» **Your task**
From the listing below, output only the lines starting at the line that has "altura 120 cm" and ending at the line that has "b82c8779 Kids' Nike", exactly as they appear, ends included.

» **Recorded data**
* * * * * * * * *

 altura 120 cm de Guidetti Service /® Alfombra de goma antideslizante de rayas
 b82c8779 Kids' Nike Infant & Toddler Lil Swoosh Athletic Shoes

* * * * * * * * *

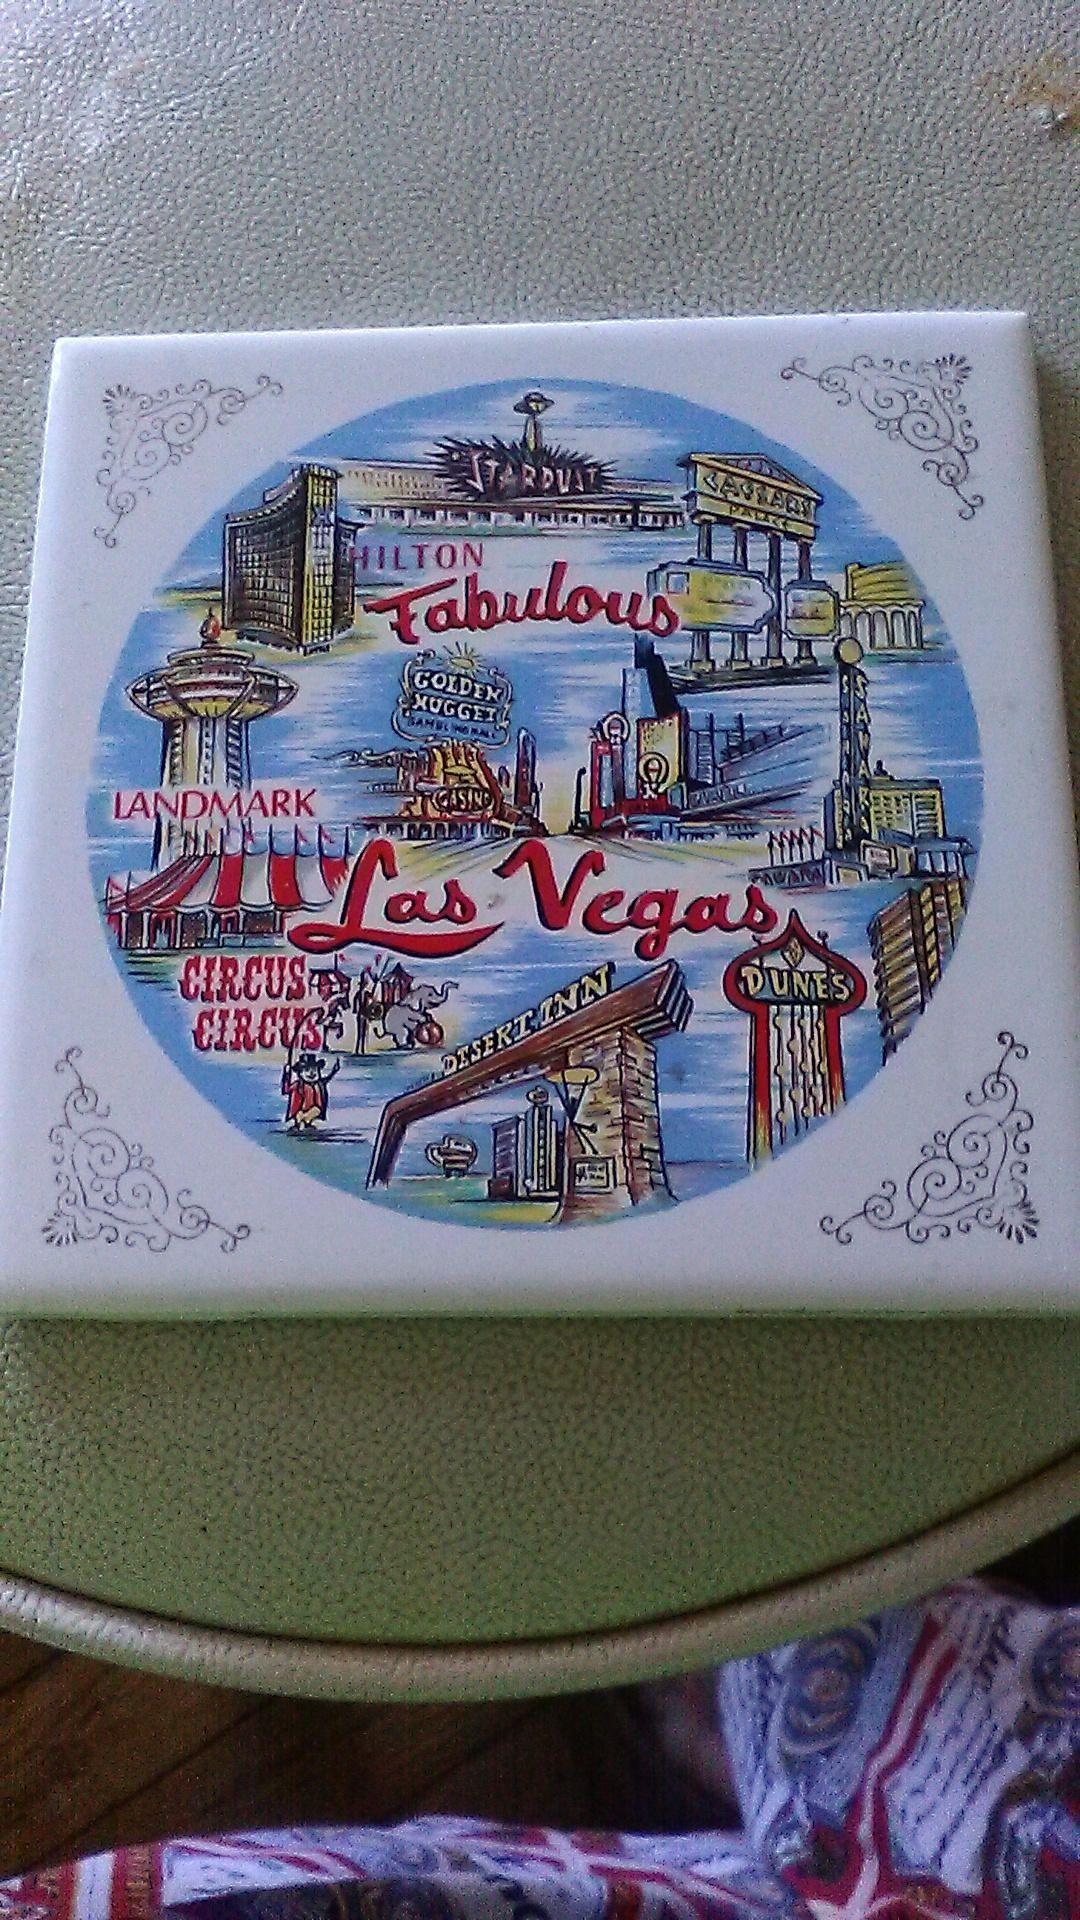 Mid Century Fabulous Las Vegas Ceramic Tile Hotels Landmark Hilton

* * * * * * * * *

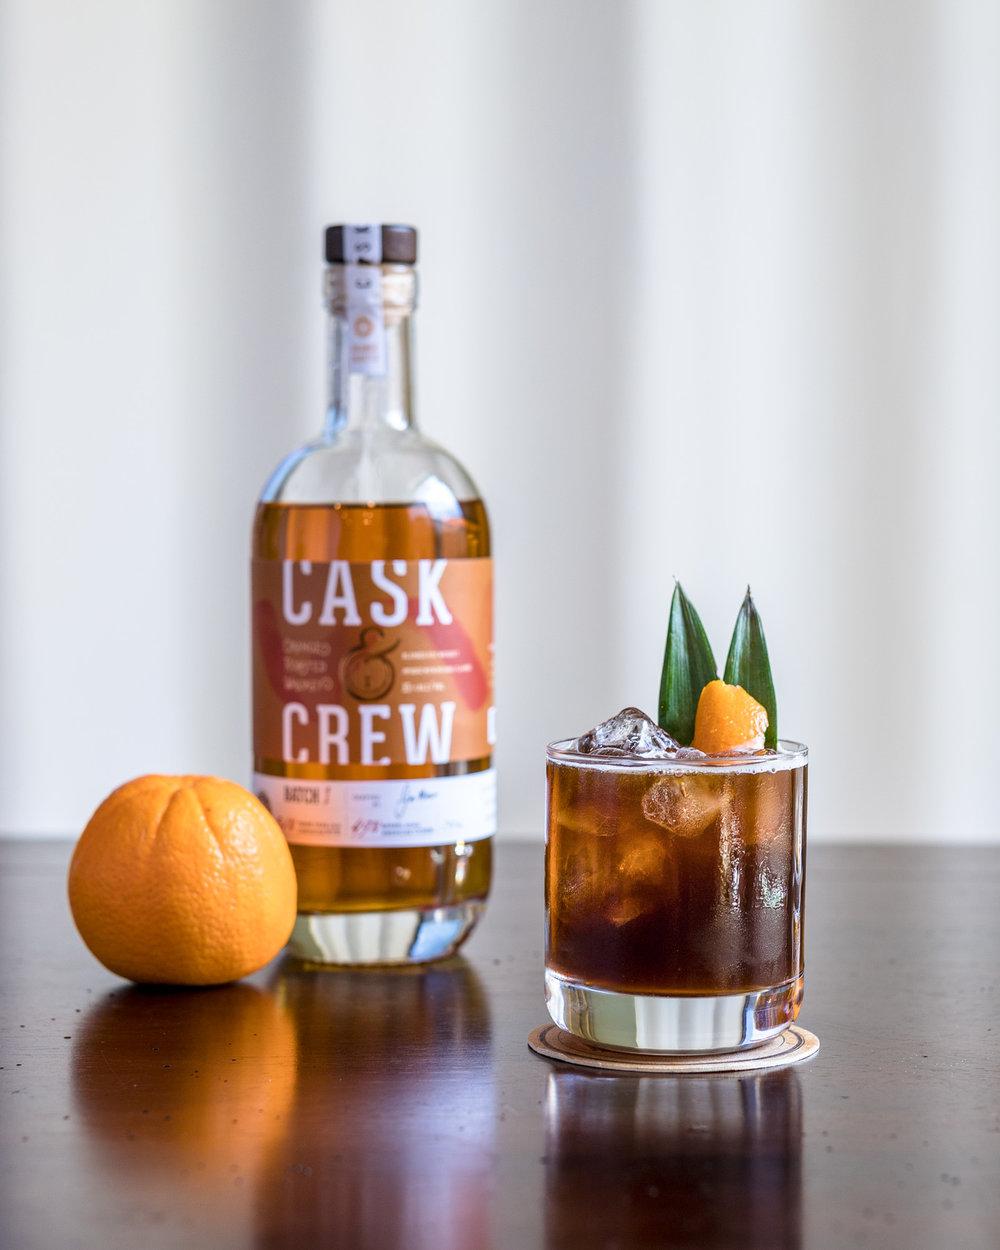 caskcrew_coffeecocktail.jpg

* * * * * * * * *

» **Reply to the task**
 altura 120 cm de Guidetti Service /® Alfombra de goma antideslizante de rayas
 b82c8779 Kids' Nike Infant & Toddler Lil Swoosh Athletic Shoes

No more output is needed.